Mrs. Bodo wants to bequeath the family fortune to her children. However, the family fortune should remain in the family even if one of her children should have no descendants. With the instrument of pre- and post-inheritance this can be achieved in a binding and tax-compatible way.
The same procedure would have to be followed if Mrs. Bodo or one of her children should not have any children. Then she ensures with the appointment of her husband as heir in advance and obligatory appointment of her children/brothers and sisters as heirs in succession that the family property originating from her family remains in the family after the death of the husband. If the husband were to bequeath the family property to the siblings of the pre-deceased wife by means of his own will, this would result in a considerable tax burden. Pre- and posthumous inheritance thus avoids that the randomness of the sequence of death determines the whereabouts of the family assets.
The two case studies will illustrate these two scenarios.

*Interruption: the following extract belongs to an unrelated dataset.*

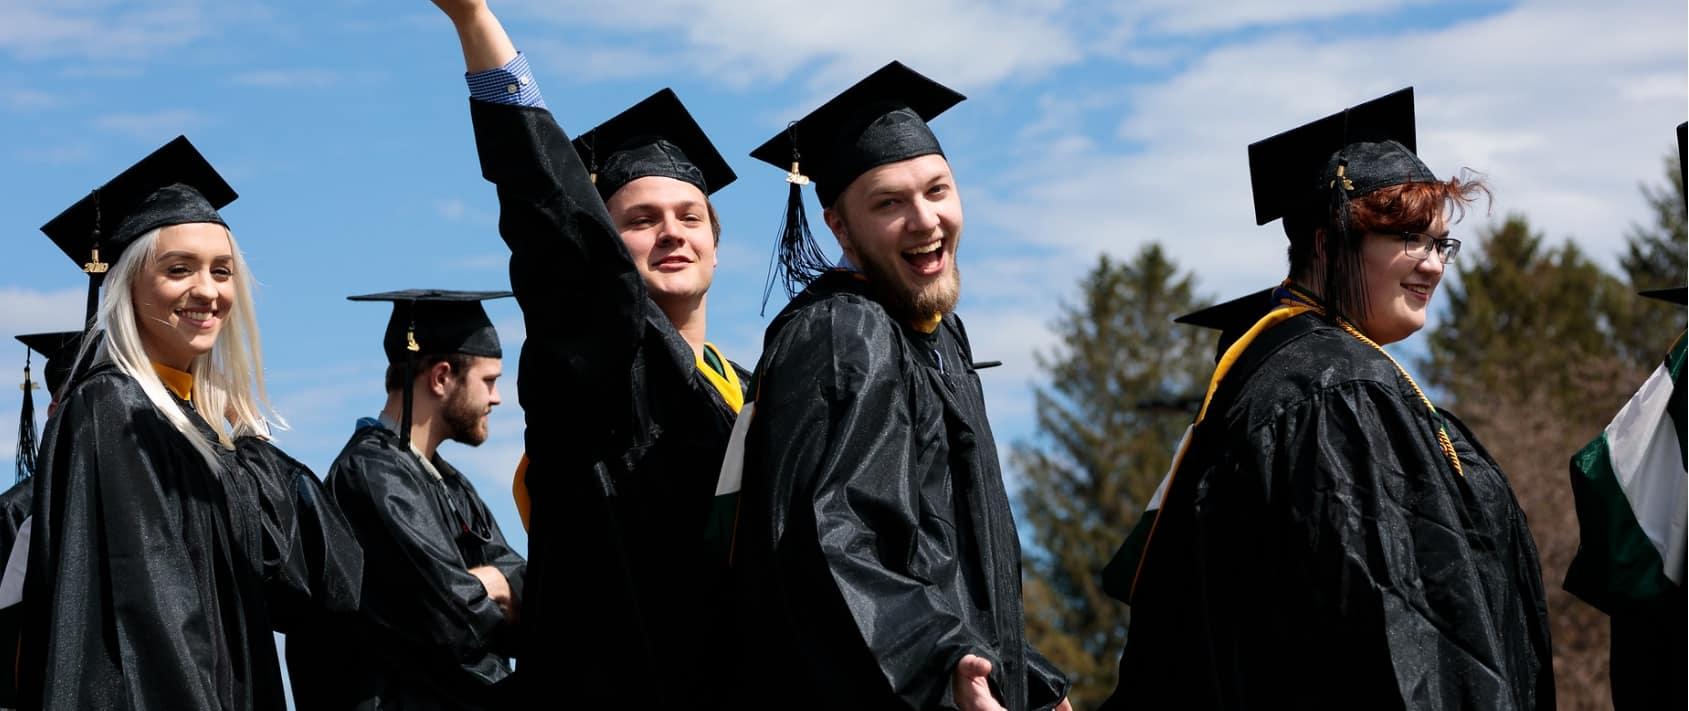 commencement, graduation, smiling, students talking

Case study 1: Mrs. Bodo’s daughter has no descendants
Mrs. Bodo has a daughter and a son. The daughter is childless and therefore Mrs. Bodo has two concerns: firstly, her fortune should be divided equally between her daughter and her son at her death. If the daughter still has no descendants at death, her share of the family fortune shall go to the son or his descendants. The same shall also apply to the son. Without the instrument of pre and post inheritance, the will of Mrs. Bodo cannot be enforced in a legally binding manner. In addition, excessive inheritance taxes would be incurred if the daughter were to bequeath her inherited property to her brother out of her own right of inheritance. This is not the case if these assets are transferred from Mrs. Bodo to her daughter as the preliminary heir and then to her brother as the subsequent heir.
As far as compulsory portions exist, specific formal requirements have to be considered and the involved heirs have to be included in the inheritance contract. In such cases it is not possible to unilaterally order dispositions regarding pre- and post-heirship.

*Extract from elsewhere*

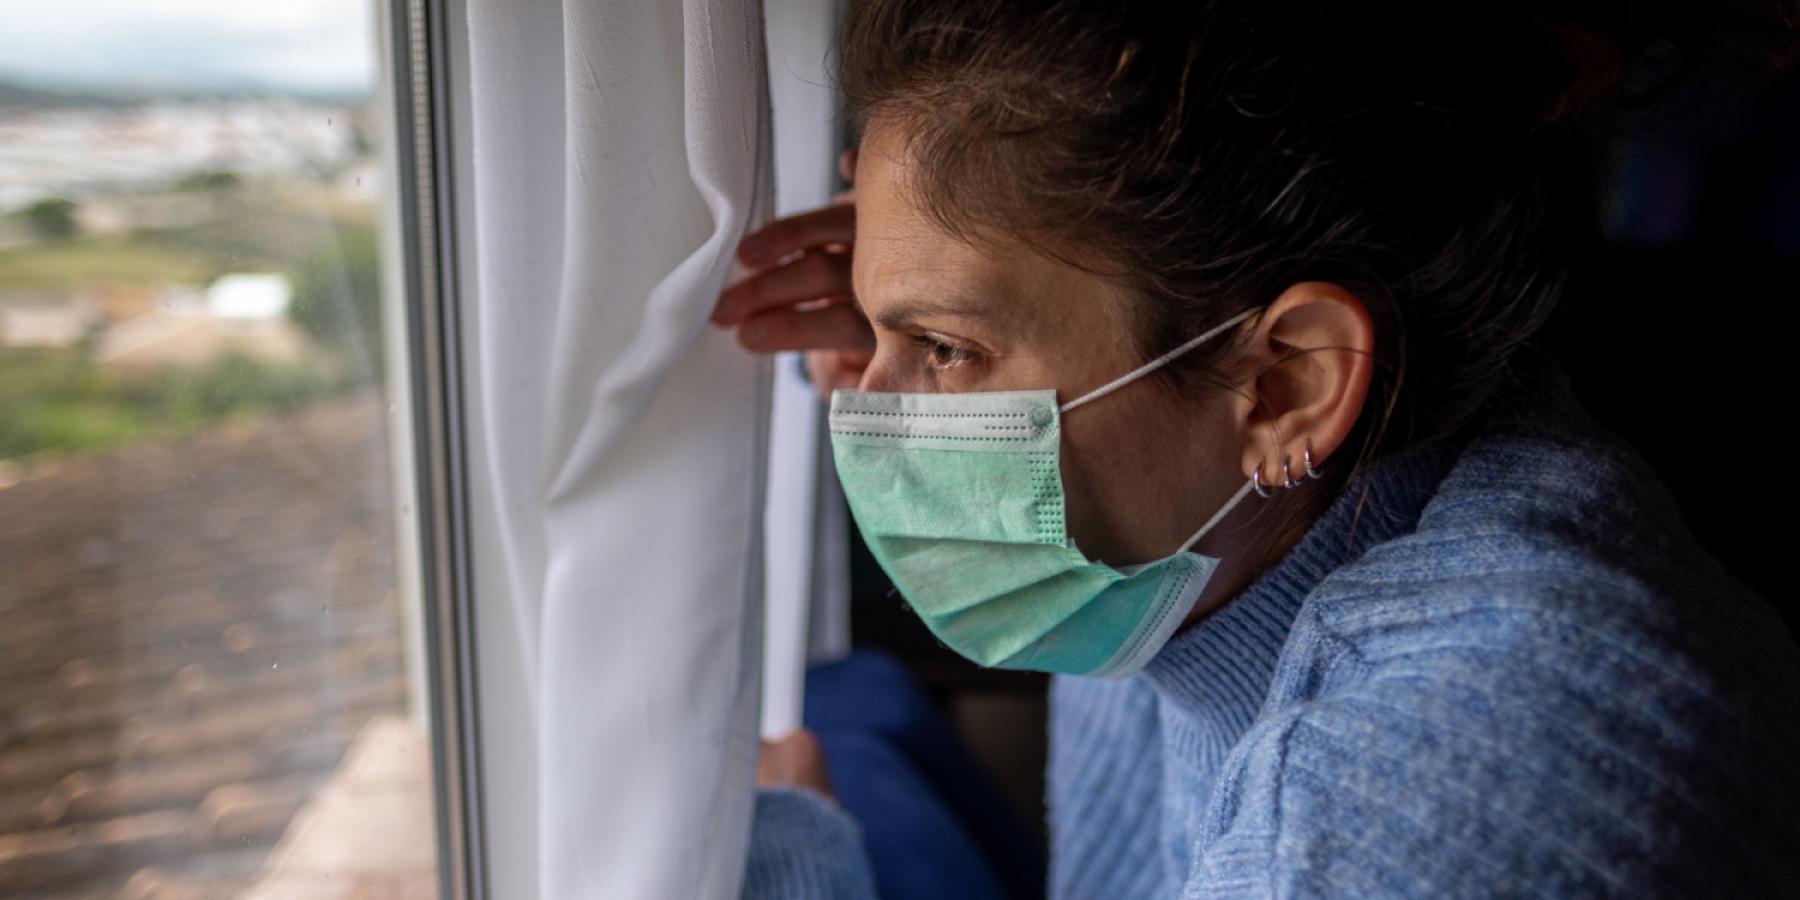 Woman wearing mask. Image by shutterstock

Case study 2: Mrs. Bodo is married and has no descendants
Mrs. Bodo is married. She and her husband have no descendants. The property originating from Mrs. Bodo’s family shall also be passed on to Mrs. Bodo’s siblings (and thus remain in the family), even if Mrs. Bodo should die before her husband. However, the marital property is to go first to her surviving husband in the event of Mrs. Bodo’s death. Only at his death the property shall go to the siblings of Mrs. Bodo. Both for the legally binding safeguarding of this wish of the spouses Bodo as well as for reasons of inheritance taxes, this must be regulated by means of pre- and post-inheritance, because the family of the pre-deceased wife is not related to the husband. In many constellations, a contractual agreement is required for this. At the same time, it must be ensured that this goal is not thwarted by contractual agreements. An overall consultation takes into account the marriage and inheritance contract aspects.

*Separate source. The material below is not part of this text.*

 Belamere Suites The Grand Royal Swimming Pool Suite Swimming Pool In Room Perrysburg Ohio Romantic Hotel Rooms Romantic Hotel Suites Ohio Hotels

Each case requires an individual solution
Address the problem and talk to us. As is well known, a will is not enough. Only a contract of inheritance with specific clauses can regulate a pre- and post-inheritance. The testator thus prevents the violating of compulsory portions, even if this is not the case from an economic point of view. A violation of the compulsory portion would not be desirable anyway, as the surviving partner should be able to continue living in the same economic circumstances. An analysis of the initial situation (and possibly also its documentation) is important to achieve the goal. In many cases, it would help the parties involved to use a qualified execution of will in their wills.